An increased child benefit for the first child would cover 92% of median weekly childcare costs and half of mean weekly childcare costs. This alone would give parents many more options when it comes to choosing childcare and would also provide an immediate cost-of-living boost. Over one year, a family with their first child would receive an additional £3370 between the ages of 0-2, and a total increase of £4,277 between the ages of 0-4.

Figure 28: Child Benefit as a Percentage of Median Weekly Childcare Costs

Source: Author’s calculations167Childcare costs taken from the Childcare and Early Years Survey of Parents 2019.

Figure 29: Child Benefit as a Percentage of Mean Weekly Childcare Costs

Source: Author’s Calculations168Ibid.

As that family’s children get older, with a 13-year-old child (when child benefit is halved under the Policy Exchange proposal) would see their Child Benefit fall by £1,700.40 between the ages of 13-15, and a fall of £2,834 over the ages of 13-17 (assuming the child remains eligible by staying in full-time education past 16.)
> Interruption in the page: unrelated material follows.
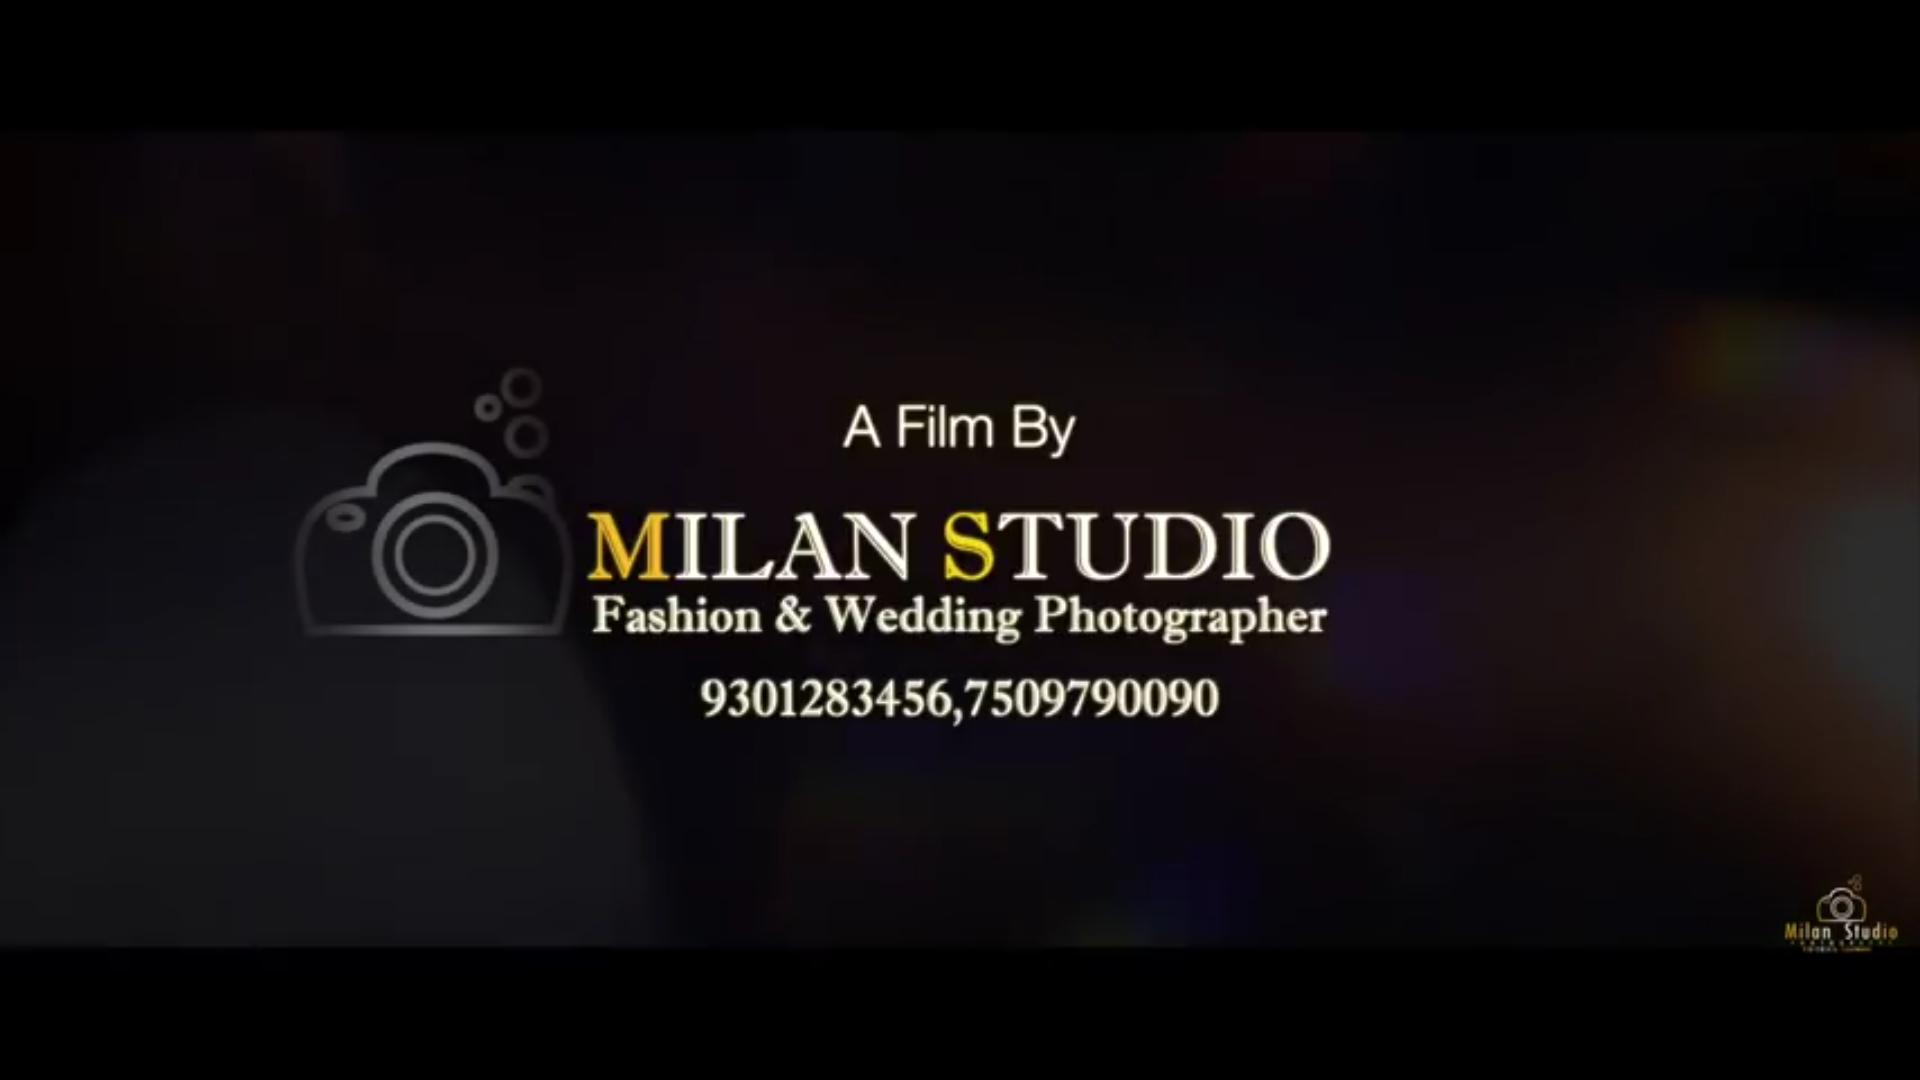 Milan studio.honey photography
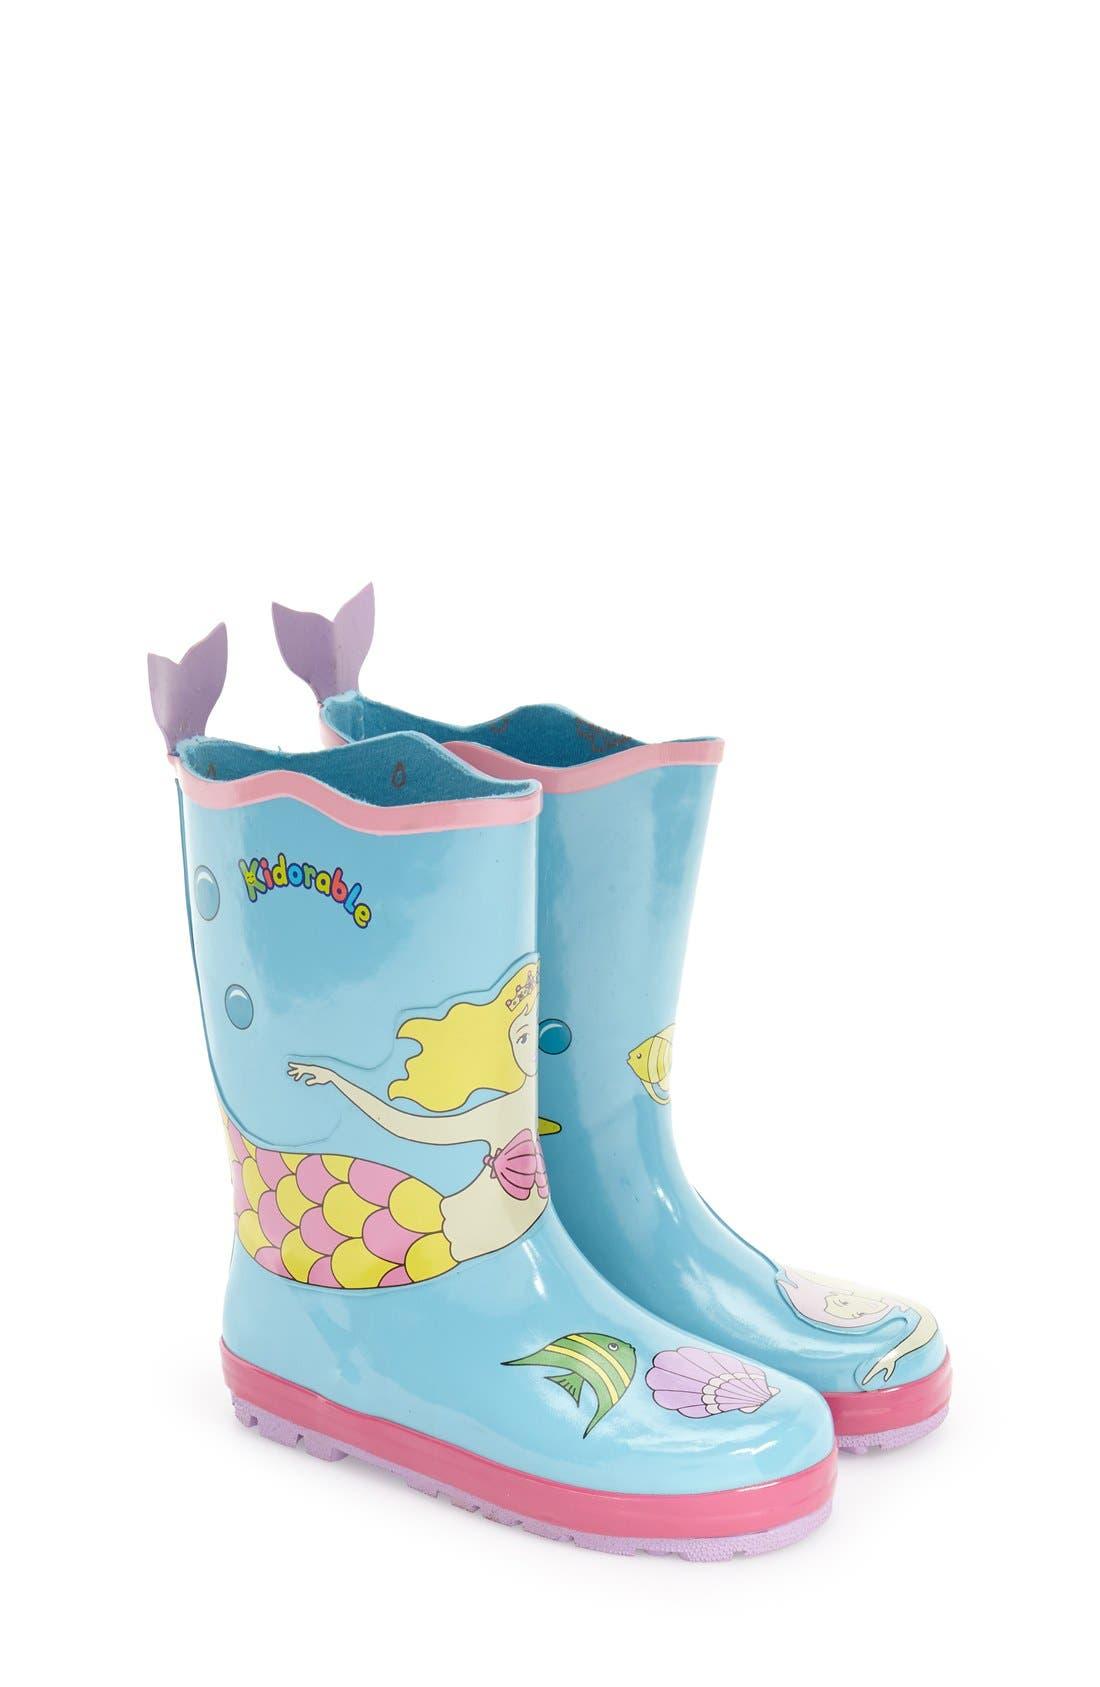 'Mermaid' Waterproof Rain Boot,                             Main thumbnail 1, color,                             400

Figure 30: Impact of Increased Child Benefit - First Child

Source: Author’s Calculations169Author’s calculations.

Recommendation 20: Child benefit should be increased to reflect the increased costs of parenting of young children. This should be done by increasing the benefit for newly born children and halving their benefit during the ages 13-19. This proposal should not include children currently receiving child benefit but could commence with children born in the next fiscal year. Re-profiling Child Benefit in this way could deliver an additional £1,885 for a family with two children aged 0 and 2.

Recommendation 21: Tax-Free Childcare should be closed to new applicants, and over time the spending should be repurposed for an increased Child Benefit, and to encourage the recruitment of childminders via childminder agencies. This should come with an immediate boost of £400 million to Child Benefit by re-allocating the current TFC underspend, followed by an additional £500 million boost for children aged 5-10 as the remaining TFC spending is phased out. This still leaves room to invest £100 million in childminder recruitment and maintaining TFC for families with disabled children.

Policy Exchange’s proposal covers far more of the cost of young children and would result in parents having 25% of their child’s costs covered in year 2. More importantly, it would better use Tax-Free Childcare funds, which have targeted only a small number of children and helps even fewer.

Other Ways of Delivering a Child Benefit Boost

Our calculations for delivering a Child Benefit boost rely partly on re-purposing the Tax-Free Childcare underspend, and a gradual phase-out of the programme.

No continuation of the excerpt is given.